Your assignment: Copy out the entries below exactly as they stand, but only from the line containing "postquirúrgicas precoces asociadas" through the line containing "I'm a Virgo: il".

Supplied information:
_ _ _ _ _ _ _

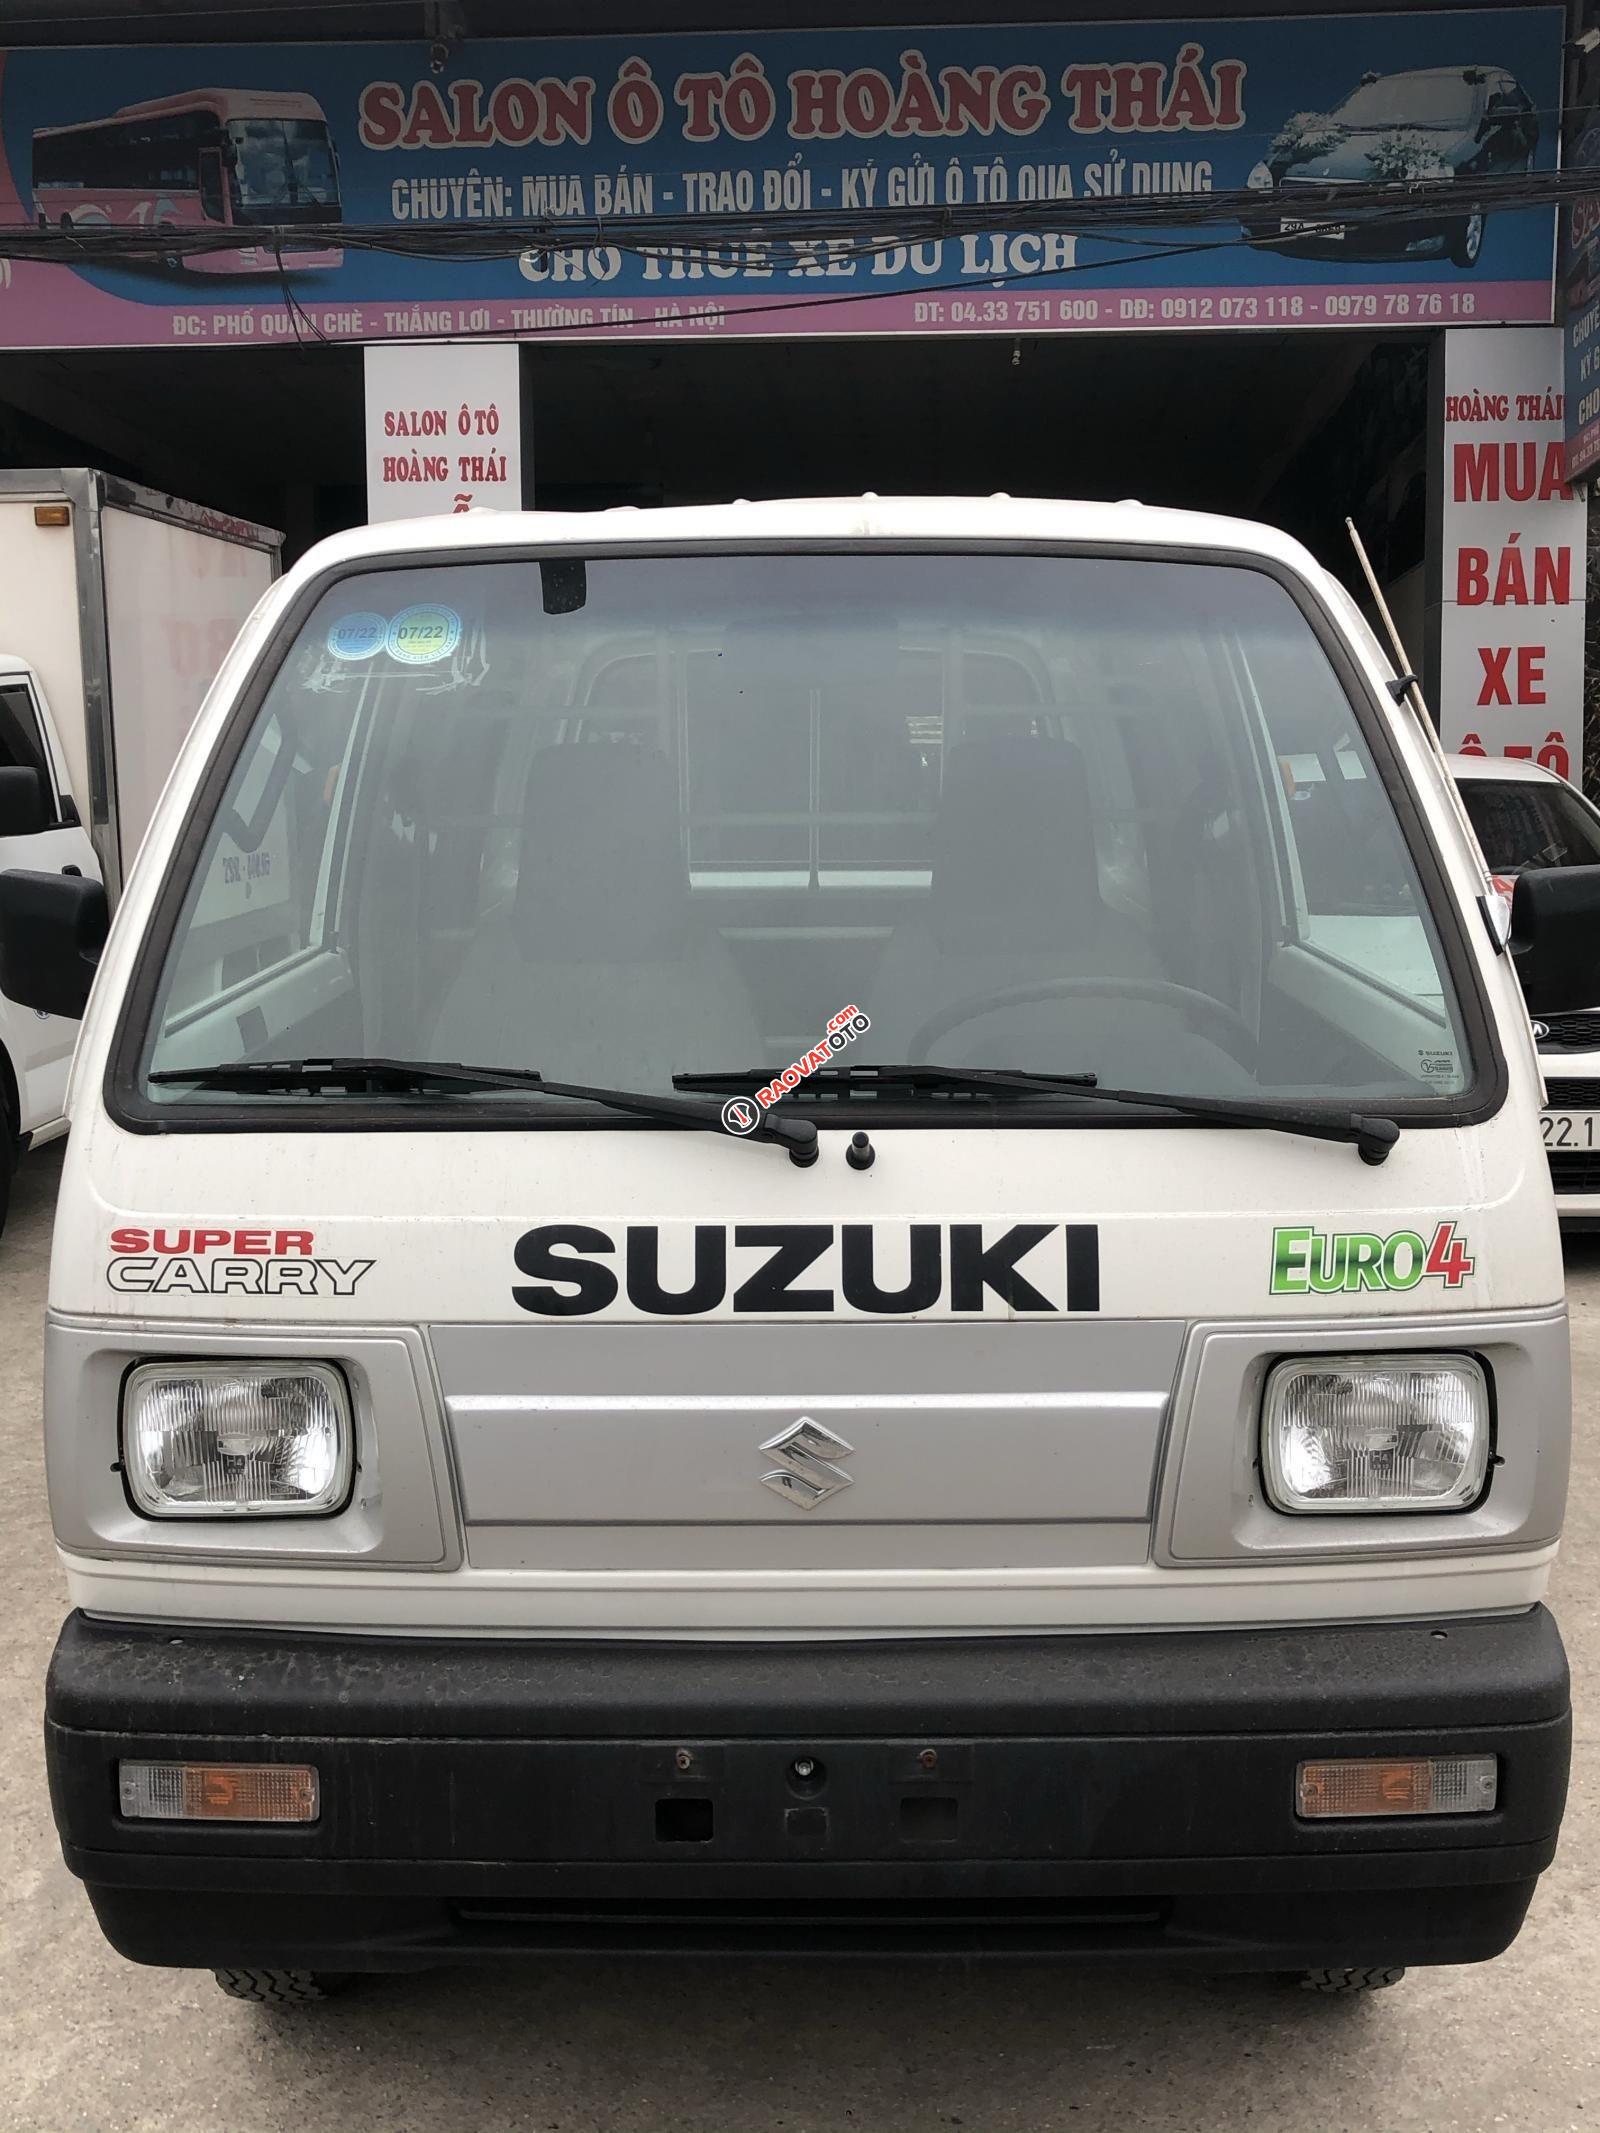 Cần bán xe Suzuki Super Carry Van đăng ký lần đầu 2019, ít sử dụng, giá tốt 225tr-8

_ _ _ _ _ _ _

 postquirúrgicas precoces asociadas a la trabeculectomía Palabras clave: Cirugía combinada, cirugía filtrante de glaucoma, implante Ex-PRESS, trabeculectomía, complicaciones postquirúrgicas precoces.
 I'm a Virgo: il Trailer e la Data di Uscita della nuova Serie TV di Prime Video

_ _ _ _ _ _ _

Output of the task:
 postquirúrgicas precoces asociadas a la trabeculectomía Palabras clave: Cirugía combinada, cirugía filtrante de glaucoma, implante Ex-PRESS, trabeculectomía, complicaciones postquirúrgicas precoces.
 I'm a Virgo: il Trailer e la Data di Uscita della nuova Serie TV di Prime Video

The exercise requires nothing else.